SHADES BLOG

Weekly Bible Reading Forecast

Week 32 | Aug. 8-14

Posted by Bradley Patton

Weekly Preview

We’re back into the prophets this week – this time, the prophets who prophesy during Josiah’s reign. We’ll have to learn to hold the tension between the patience of God and the justice of God. We’ll hear about a lot of idolatry and injustice this week. I’ve been helped by Andy Crouch’s definitions of these terms from his book Playing God. Idolatry is worshipping false gods; injustice is an attempt to play god in someone else’s life. Here’s the quote: “God hates idolatry and injustice because they are the same thing: the introduction into God’s very good world of false images, images that destroy the true images God himself placed in the world to declare his character and voice his praise. Whether making false gods (idolatry) or playing false gods (injustice) the result is identical – the true image of God is lost, and not just lost but replace by something that purports, often very persuasively, to represent the ultimate truth about reality.”

Daily Look

Sunday, Zephaniah

Zephaniah is prophesying during the days of Josiah – during the great reforms after the dreadful reigns of Manasseh and Amon. Interestingly, Zephaniah is also a descendant of Hezekiah, which makes him Josiah’s distant cousin. Zephaniah focuses much of his attention on “the Day of the Lord”. It is a day of both judgment and salvation that comes both to Judah and Judah’s enemies. However, it will also produce an amazing reversal of the Tower of Babel when the nations babbling is turned to purse speech and they all call upon the name of the Lord rather than trying to make names for themselves. 

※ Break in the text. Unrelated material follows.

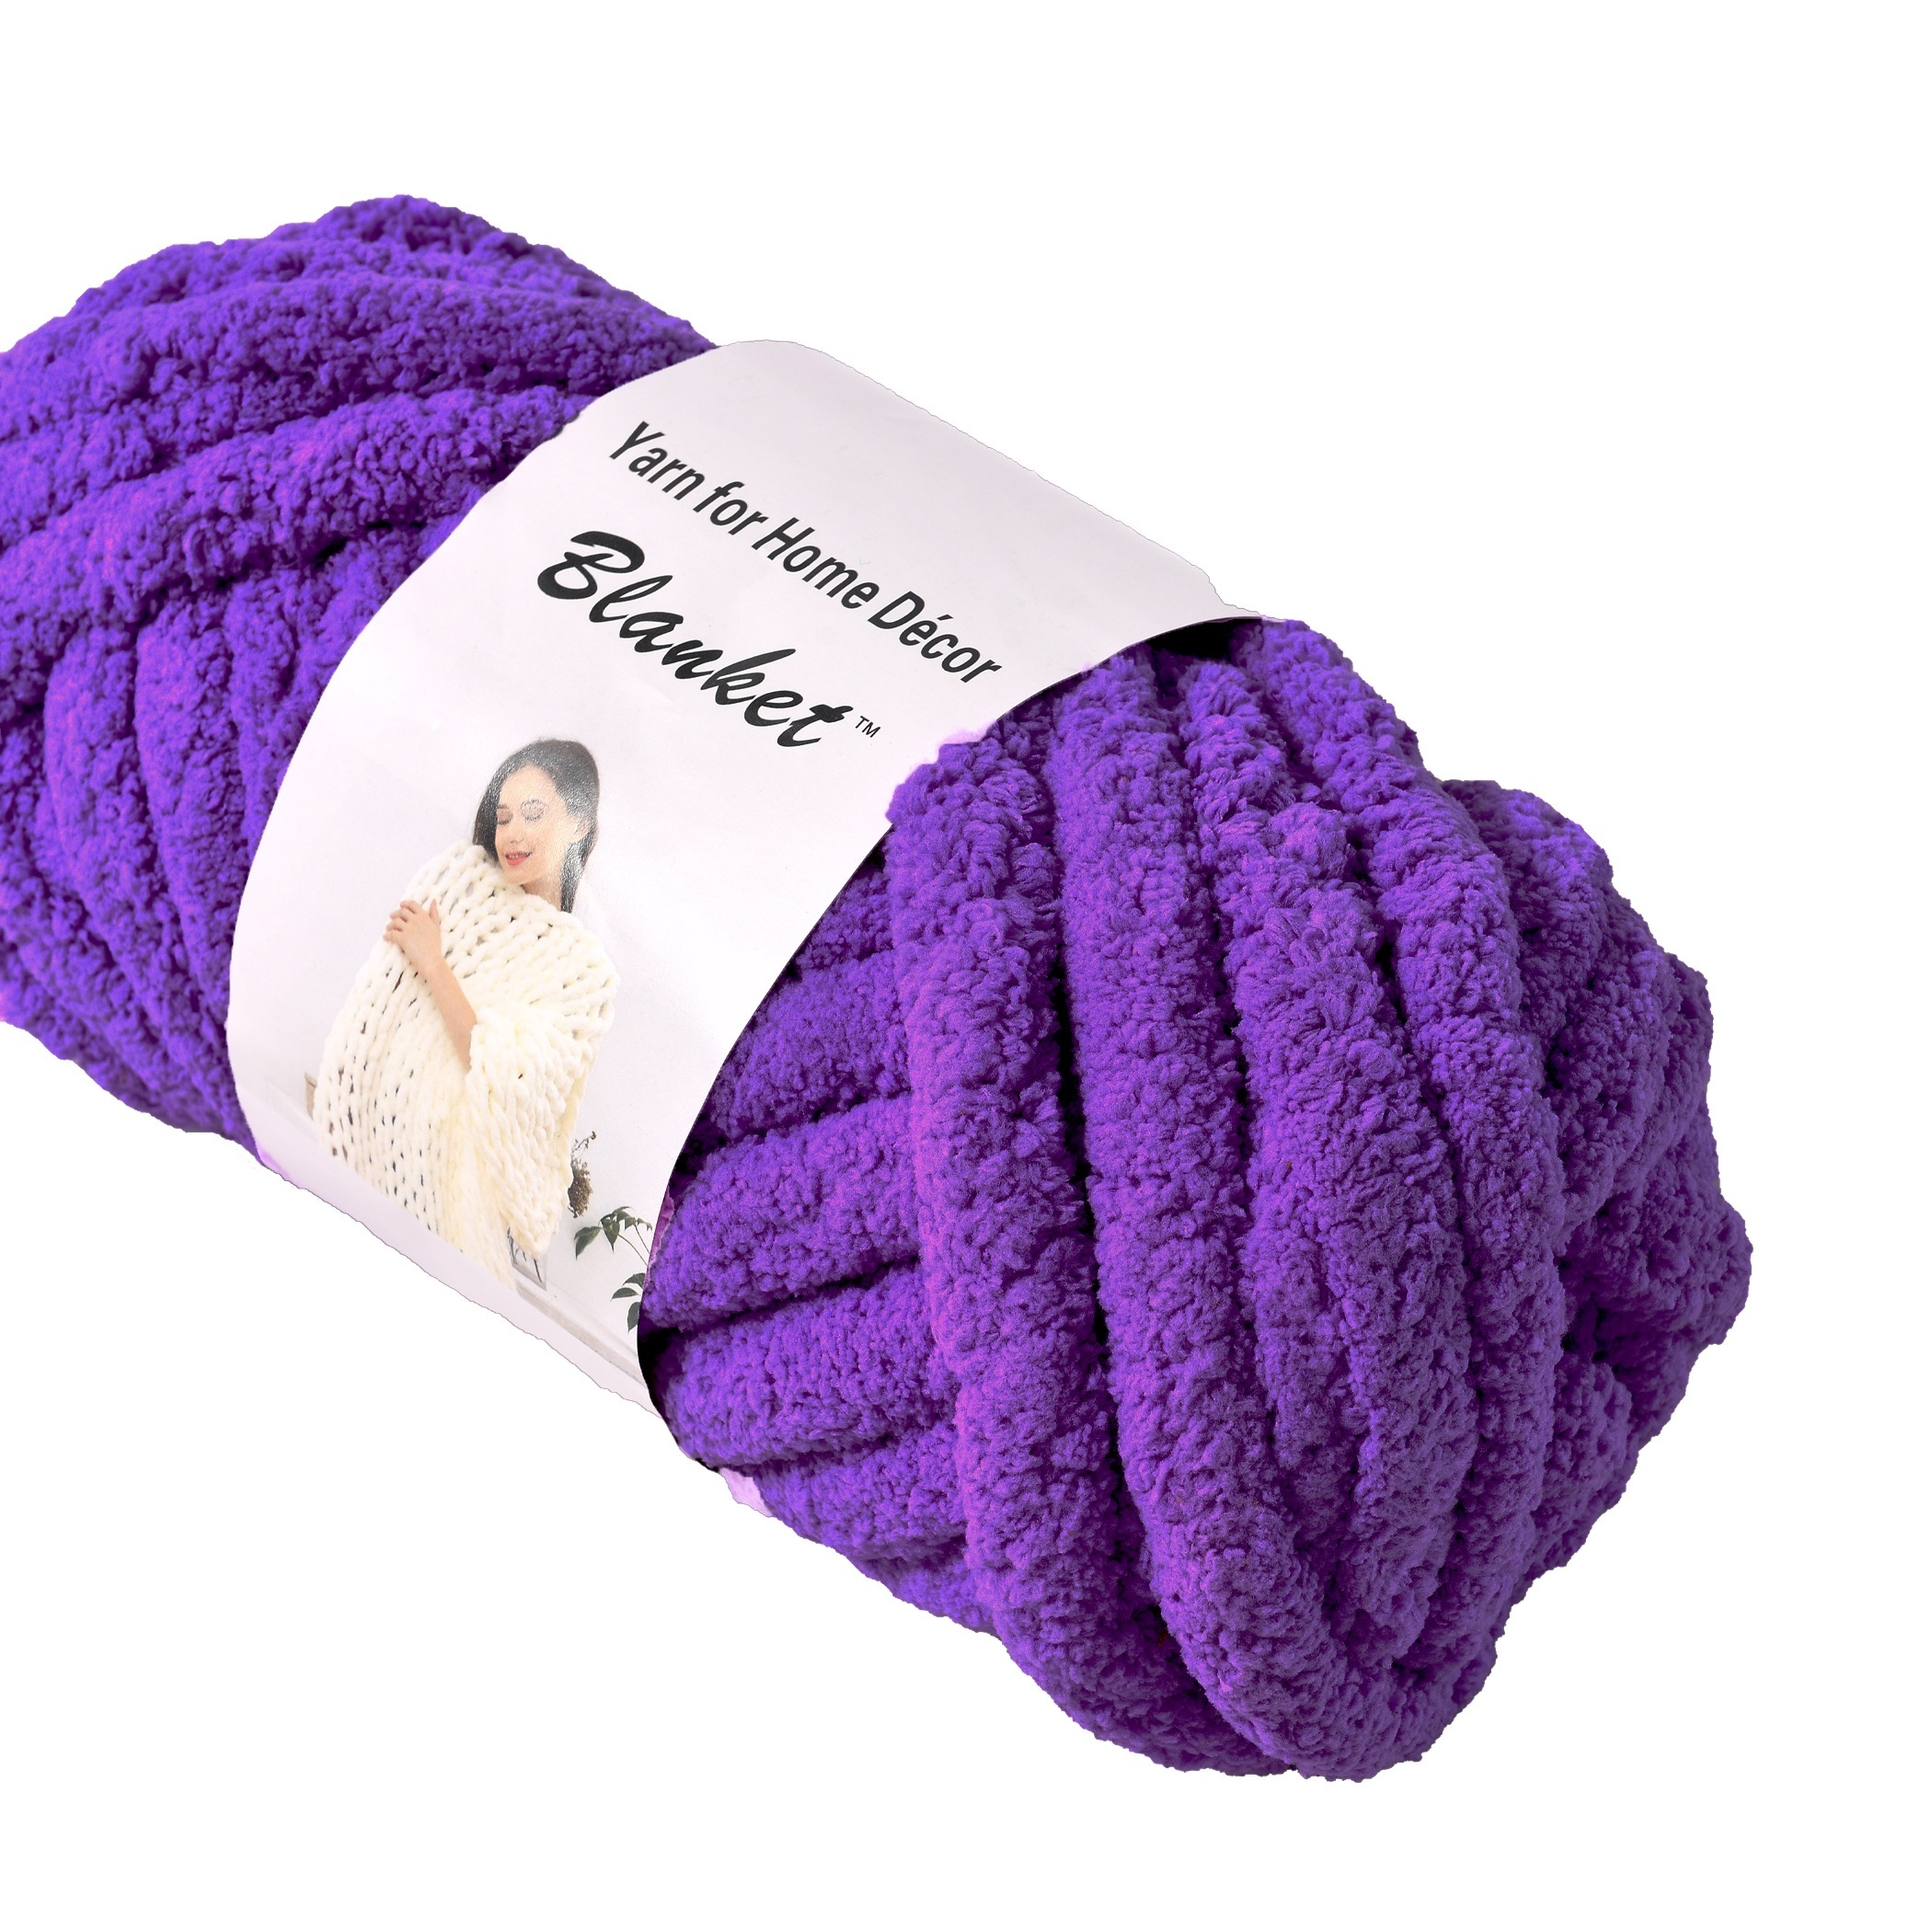 Chenille Chunky Knit Yarn,Cream White Chenille Yarn,Extreme Knitting  Yarn,Arm Knitting Yarn,Thick Yarn,Bulky Knit,Chunky Knit Blanket  Yarn,250g/8 oz

  • Allow the final section of Zephaniah to sink into your heart today. Because of Jesus Christ, the Lord really has saved you. He really does rejoice over you with gladness. He really does quiet your soul with his love. He really will bring us in.

Monday, Jeremiah 1-3

Jeremiah is known as the “weeping prophet” because he wrote a lot of sad things – including Lamentations. But check it out: he’s the son of the priest who found the book of the Law which led to Josiah’s reforms. You can imagine how awful it would be to live through such significant reforms and then see your neighbors taken into captivity by the Babylonians. We learn that the Lord is attending to his word, watching over it to perform it. That’s comforting. But, when the word actually comes in 1:13-2:5, it’s unflinchingly honest. That’s challenging because God knows it all and sees it all. Yet, he invites us to come to him, to admit our wrongs and find comfort so that he can cast our sins away and remember them no more. 

  • Will you take an unflinching look at your sin today and bring it to Jesus for forgiveness?

Tuesday, Jeremiah 4-6

These chapters feature colorful metaphors, so read with an eye towards appreciating Jeremiah’s poetry. In 4:1-4, he finishes his plea for Judah to repent and then prophesies disaster from the North (Babylon). Notice, though, that God is still after Israel’s heart: “remove the foreskin of your hearts”, “wash your heart from evil”, “this people has a stubborn and rebellious heart”. Disaster is meant to lead God’s people to repentance. But this destruction coming upon Israel will revert the creation back to the beginning when it was “without form and void” (4:23). God is undoing creation to do a new work of creative restoration. He will create a new covenant people from the remnant of Israel. 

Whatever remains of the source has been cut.